第3073回「高閣訪と療養法」
2017/03/07(水)

「大和〜、Web拍手にお便りきてるよん」
「なんですか?」
「ほいっ」


>作中で原子力戦艦大和は両用砲と高角砲を装備していますが、その違いは役割分担のみでしょうか?


「なるほど」
「まぁー基本的には同じ物だとされるけど、細かく見ると違ってはいるんだよネ」
「高角砲は、取り回しをよくするために軽量化されていたり、大仰角を保ったままで連射する為に、装填部を高い位置にしていたり(人力の場合)。もちろん水平射撃もできますが、両用砲はもっとバランスをとったものですね」
「各国でも対水上寄りの設計だったり、対空寄りの設計だったりで、両用砲って言ってもいろいろあるからネ。そもそも高角砲とか両用砲とか分類してなかったり。ぶっちゃけその国が高角砲だって言えば高角砲だし、両用砲だって言えば両用砲って程度の違いではあるネ。速射砲とかサ」
「そういうわけで、私の『50式128mm連装両用砲』と『50式128mm連装高角砲』ですが、基本的には同じです。

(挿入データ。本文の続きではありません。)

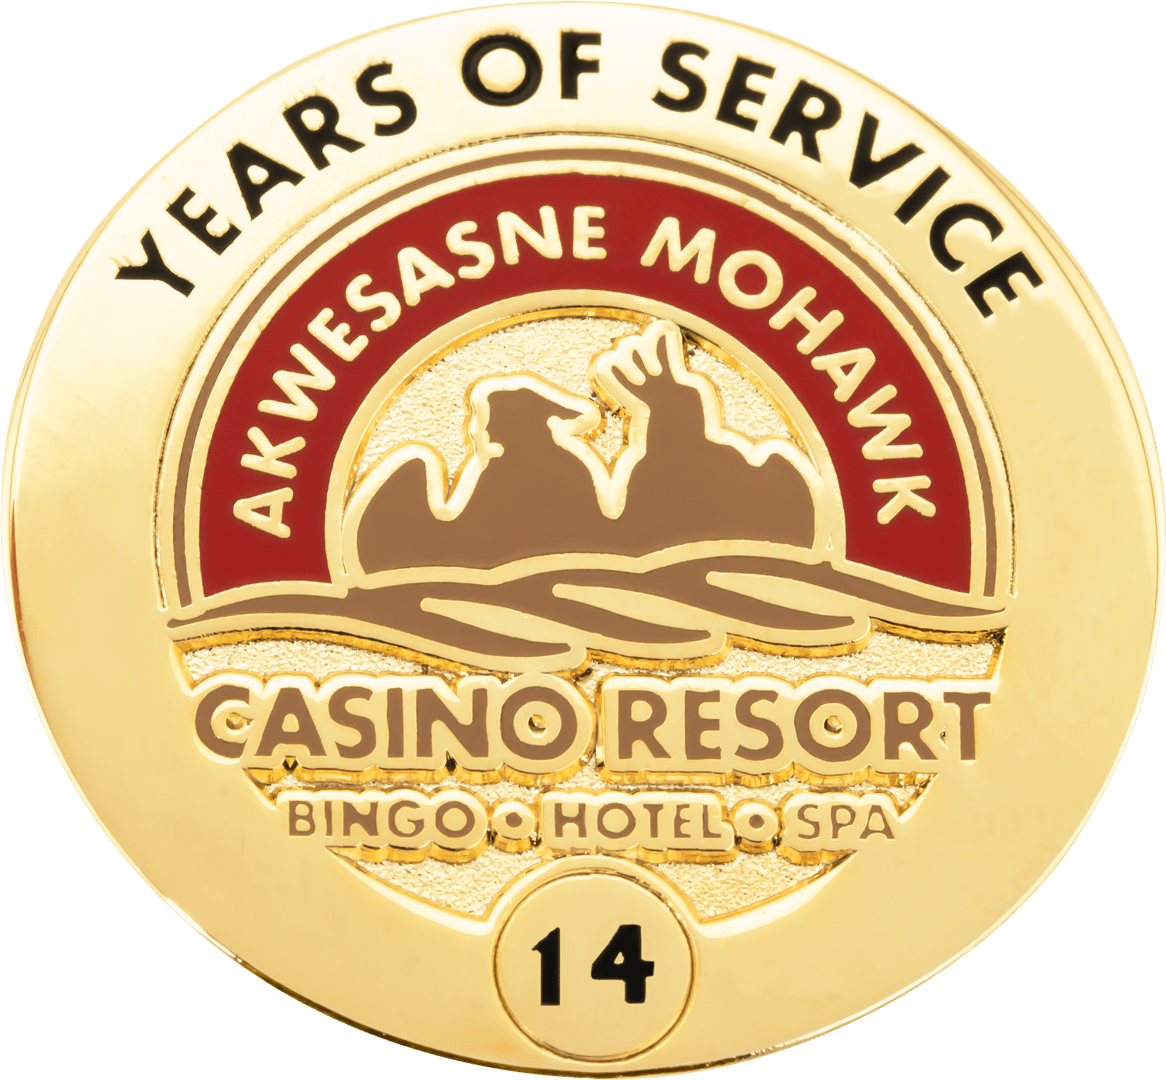 Akwesasne Mohawk Casino - 14 Years

但し、役割と自動装填機構が異なります」
「50式128mm連装両用砲は、要するに副々砲なの。副砲の15.5cm3連装LRGは副砲とは言え、でかくて重いから取り回しが悪いのネ。だから取り回しがいい50式128mm連装両用砲を副々砲として装備してるよ」
「LRGの真価は、遠方目標に対して、各種砲弾・誘導砲弾を超高速で投射する事ですから」
「んで、50式128mm連装高角砲は、両用砲と異なって対空弾しか装填してないよ。だもんで自動装填機構が自動弾種変更に対応してないし、複数の即応弾ドラムも装備してないの。その分軽くて省スペースってワケ。当然、旋回速度は両用砲より速いよ」
「自前の追尾レーダーも装備していませんね」
「別個で設置だネ。光学センサーは自前であるけど。ま、こんなとこカナ」
「対空弾でもセンサーを叩く位はできますから、高角砲を対艦で使ってもいいんですけどね」
「対舟艇なんかだと、高角砲で水平射撃したほうが動きが速くても対応しやすいネ」
「自爆ボートは結構怖いですから」
「外機の日本海軍に於いては、対空特化の両用砲が高角砲で、汎用特化なのが純粋な両用砲。ってトコ」
「結局なんでもできるんですけどね」
「こだわらなければネ〜」

リエナ(Su-37jkR)
偵察が大好きなお調子者。元気の塊、略して元塊。妄想癖な一面もある。
大和(BSN-6)
防空特化の原子力戦艦、強いくせにおどおどしてる。艦艇ガール。